Playing We Ski calls to mind another 2008 Wii release, Endless Ocean. The two share the premise of relaxed and lightly guided play, with few highlighted goals or big, motivational incentives. The difference lies in the fact that We Ski features a traditional gameplay mechanic (racing) that gamers have grown accustomed to over the years. Otherwise, We Ski is a game designed for players who are more interested in spending time using the game to create their own unique experience. In that regard, it is very faithful to the sport and pastime that it aims to recreate, as most skiers hit the slopes with no more specific goals in mind than to simply enjoy what they are doing – skiing.

We Ski’s main focus is its freestyle mode, where players’ custom geared (and Mii-headed) skiiers are tossed onto the mountain resort to do as they please. There are multiple “hills” there, which are each marked off by a starting gate, and can be accessed by taking one of the many lifts, warping directly to the start via the pause menu, or navigating the place on your own. The hills are alive with cpu-controlled skiers, some of whom will challenge you to races and stunt/mogul competitions, and others who will ask you to find and rescue people or items from any of the idividual courses on the mountain. There are indeed pre-defined tasks to complete in We Ski, but most of the game boils down to just doing your own thing.

There are also regular, slalom, and mogul races available directly from the main menu and playable by up to four people. Oh, those late night We Ski scenes…classic. There is fun to be had here, for sure, but I would contend that it has less to do with the game itself than with the player interaction and general tomfoolery that ensues.

Unfortunately, GamerNode did not have a Wii Balance Board available at the time of review, so I am unable to give a proper evaluation of its functionality with We Ski. Theoretically, turning is achieved by simply shifting weight from one foot to the other, as if carving into the slope of the mountain, but I can’t say how well this actually works in practice. What I can say is that the Wii-mote/nunchuk motion controls are generally very responsive (and make for a really funny-looking pair of dudes trying to race each other).

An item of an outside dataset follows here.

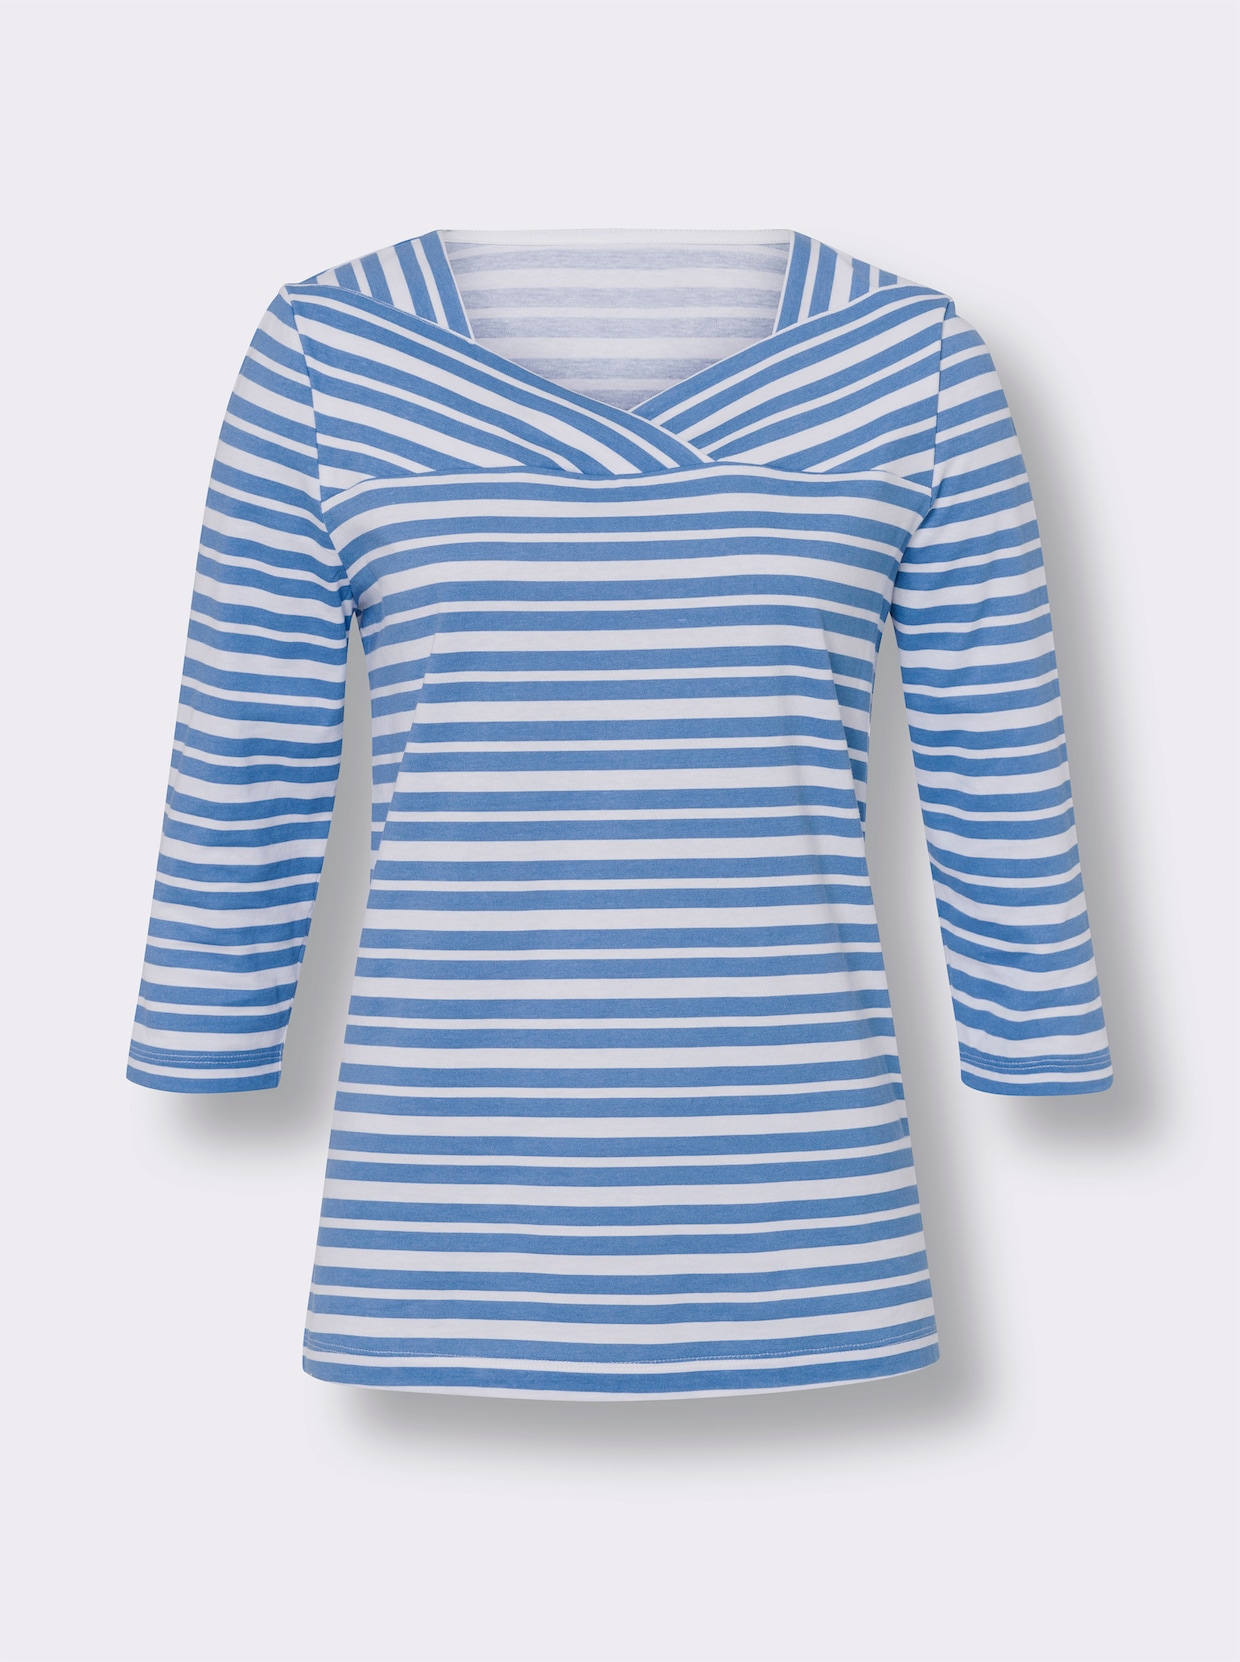 Pruhované tričko - stredne modro-bielo-krúžkované

Players move forward by motioning as if pushing off the ground with ski poles, and turn by tilting the Wii-mote and nunchuk in the direction of the turn. Sharper turns can be achieved by holding down B and Z (or C) while tilting the controller, and midair tricks can be pulled off by gesturing accordingly. There is a bit of a learning curve to all this, and even though things smooth out after a while, the controls can still feel oversensitive at times.

Graphically, the game ranks somewhere in the Gamecube 1.5 category, with minimally detailed character models and backgrounds, and basically low-res everything. The art style is on par with the typical casual Wii game, but it still would have been nice to see something a little prettier, especially given the small scope of the game world. As for audio, there is a nice, laid-back blend of tracks, including a remixed version of the Pac-Man intro theme and an instrumental Katamari on the Rocks. Other Namco remixes serve as ambiance, as well. The game’s sound effects leave much to be desired, however. They are generic and stereotypically electronic.

As I mentioned earlier, We Ski is a game that seems to have been designed not with the “hardcore” gamer or racing enthusiast in mind, but more for someone who is interested in exploring a virtual skiing experience at his or her own pace. There are few real motivational goals in this sandbox-style game, and while that might be great for some, We Ski’s biggest downfall is that it lacks substance. Try it out if you are interested in chillin’ out on the ski hill, but skip it if you need more to drive your gaming experience than your own whims.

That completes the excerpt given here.